● Material provided
================
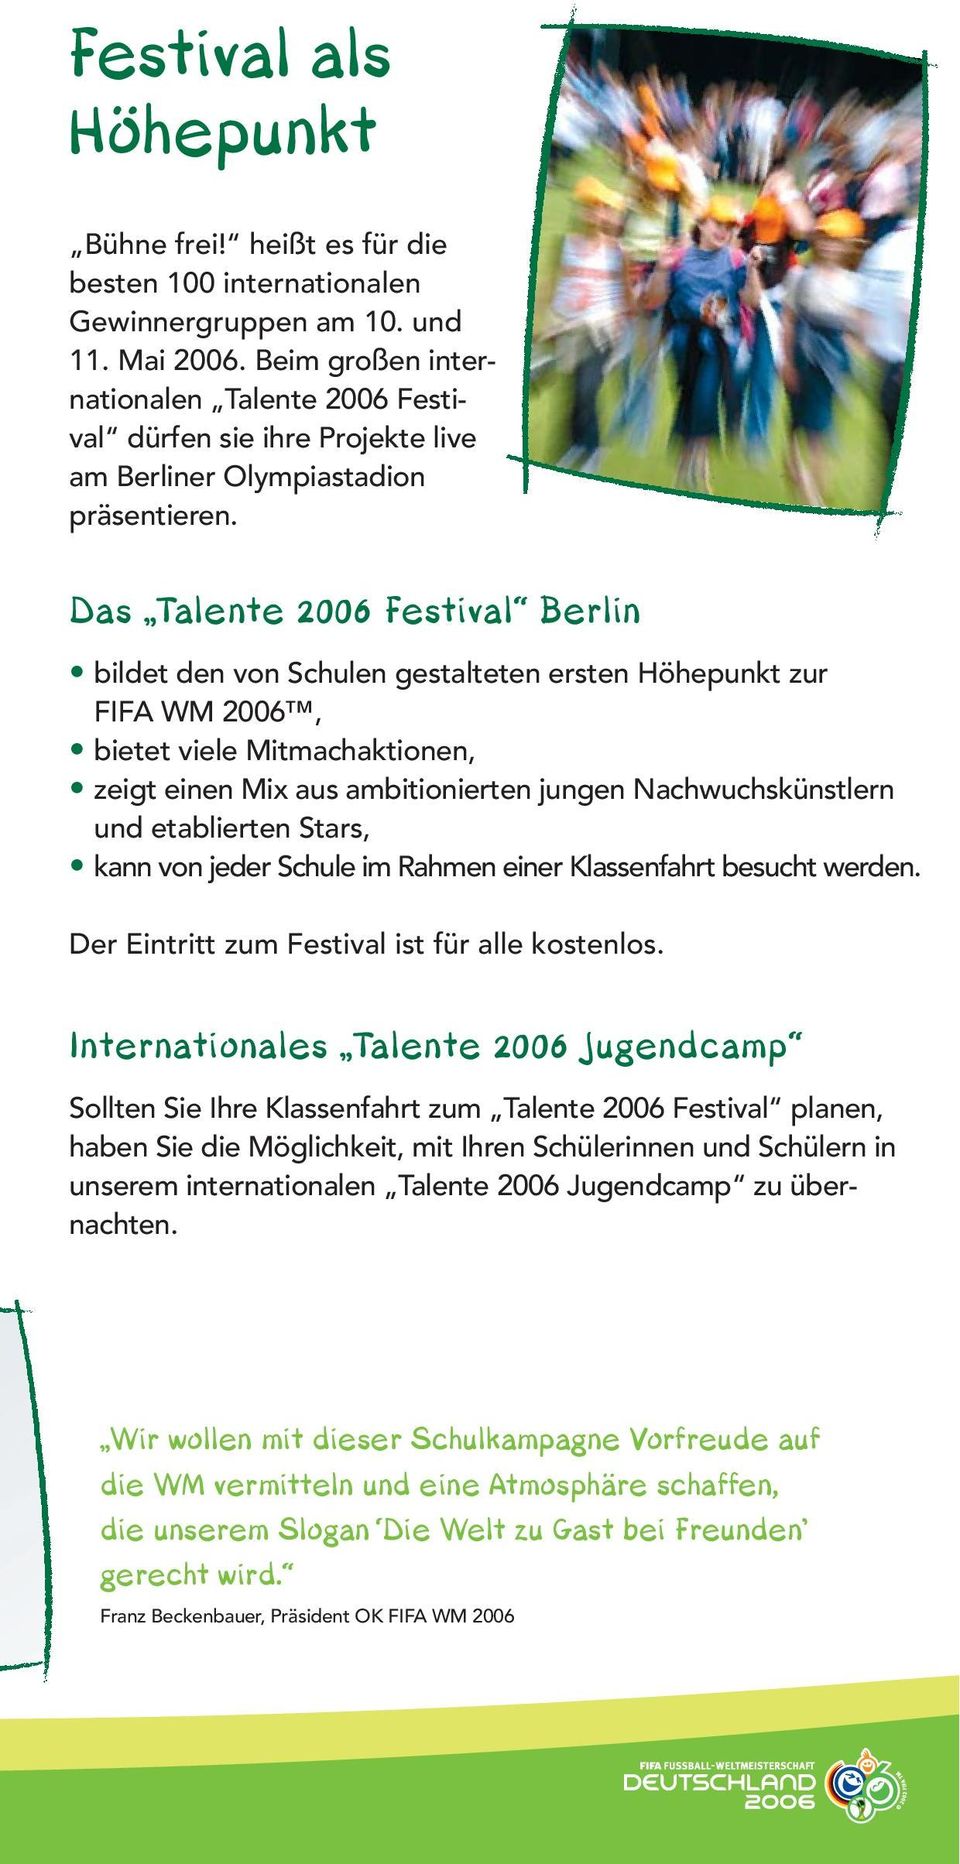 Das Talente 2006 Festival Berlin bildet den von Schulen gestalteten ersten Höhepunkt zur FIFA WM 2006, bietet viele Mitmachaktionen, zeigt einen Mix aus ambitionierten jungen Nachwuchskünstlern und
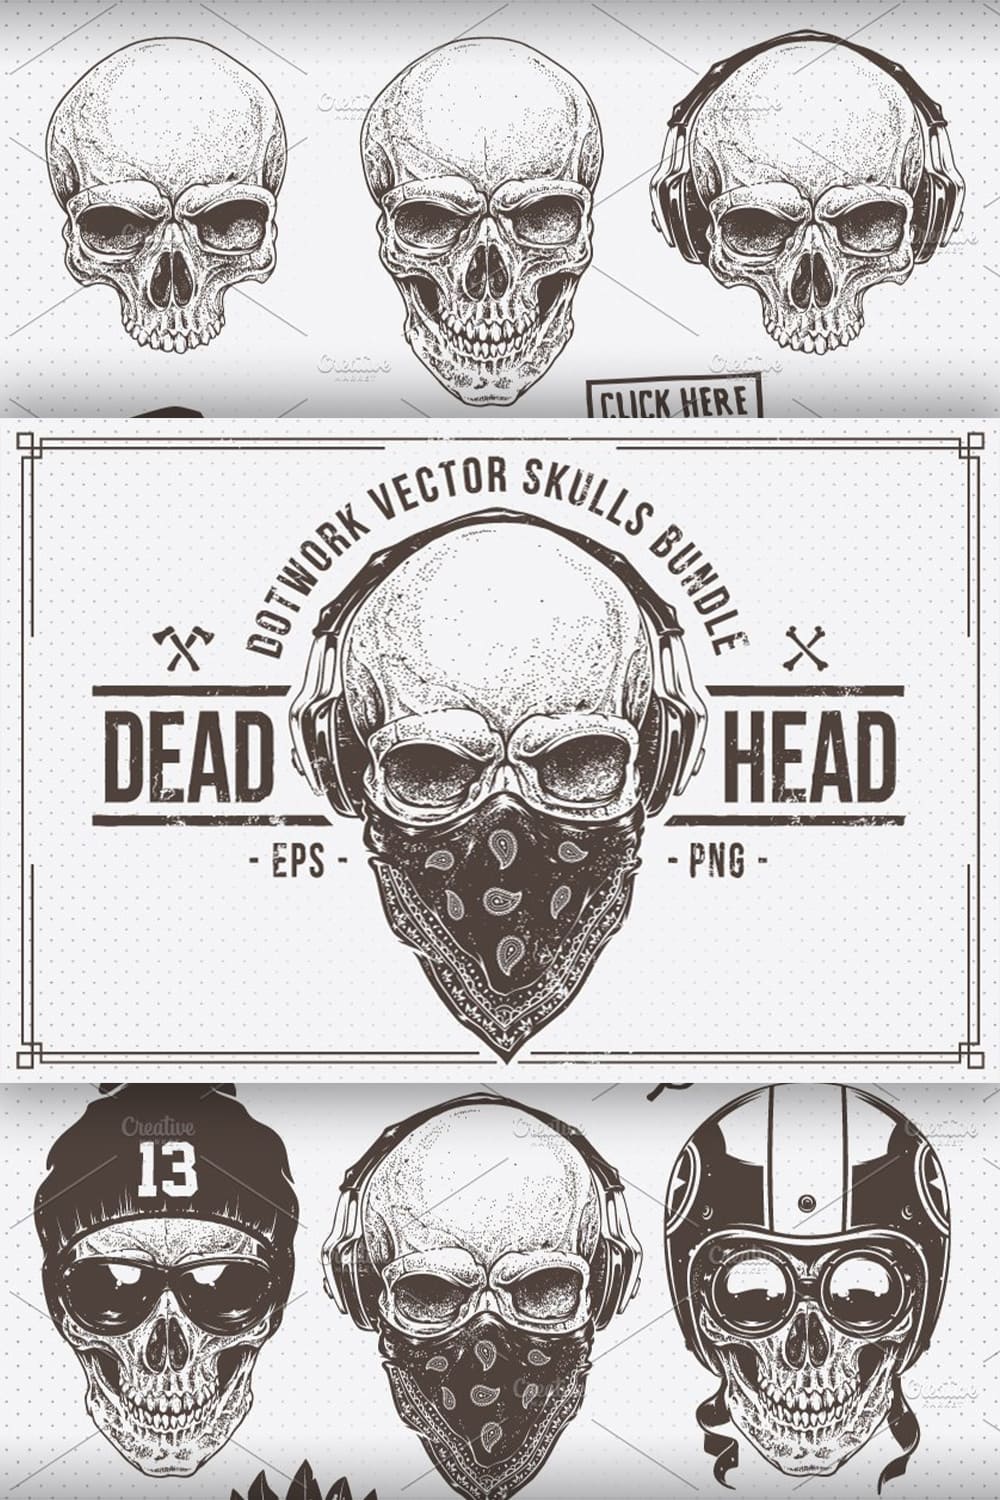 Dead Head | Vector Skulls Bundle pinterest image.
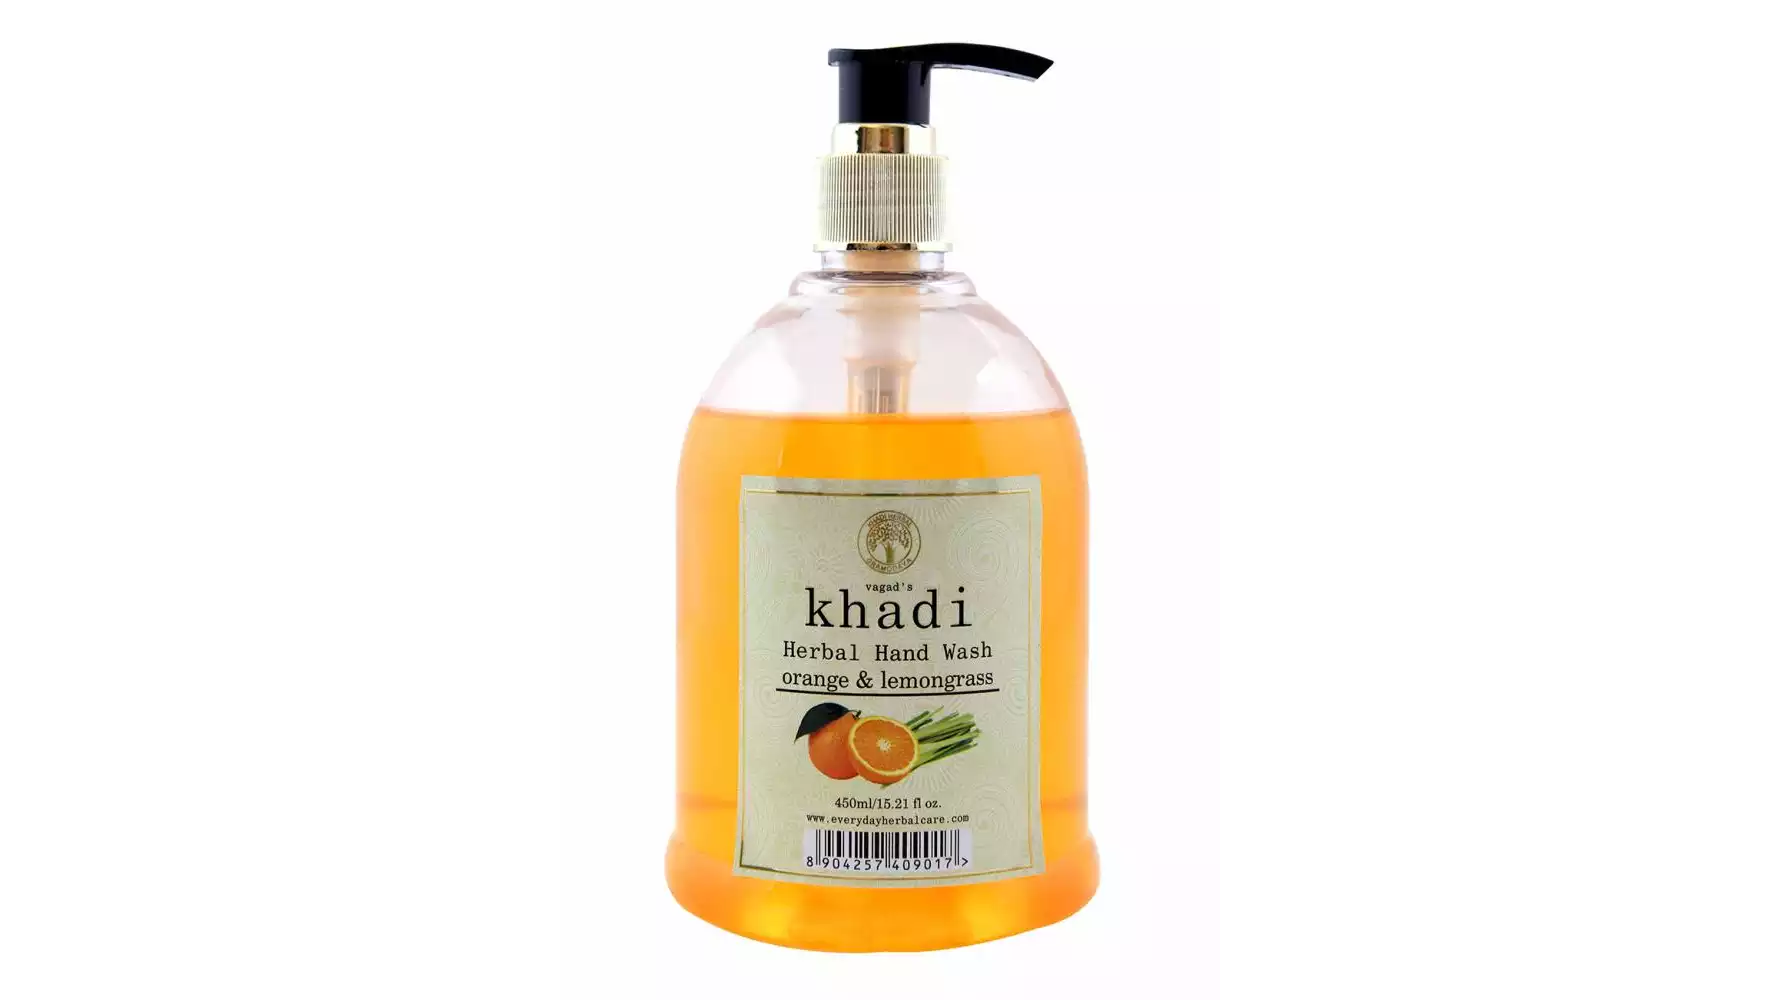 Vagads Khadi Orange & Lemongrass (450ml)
================
● Task to carry out
Dropping every picture, restate the material word for word.

● Result below
 Das Talente 2006 Festival Berlin bildet den von Schulen gestalteten ersten Höhepunkt zur FIFA WM 2006, bietet viele Mitmachaktionen, zeigt einen Mix aus ambitionierten jungen Nachwuchskünstlern und
 Dead Head | Vector Skulls Bundle pinterest image.
 Vagads Khadi Orange & Lemongrass (450ml)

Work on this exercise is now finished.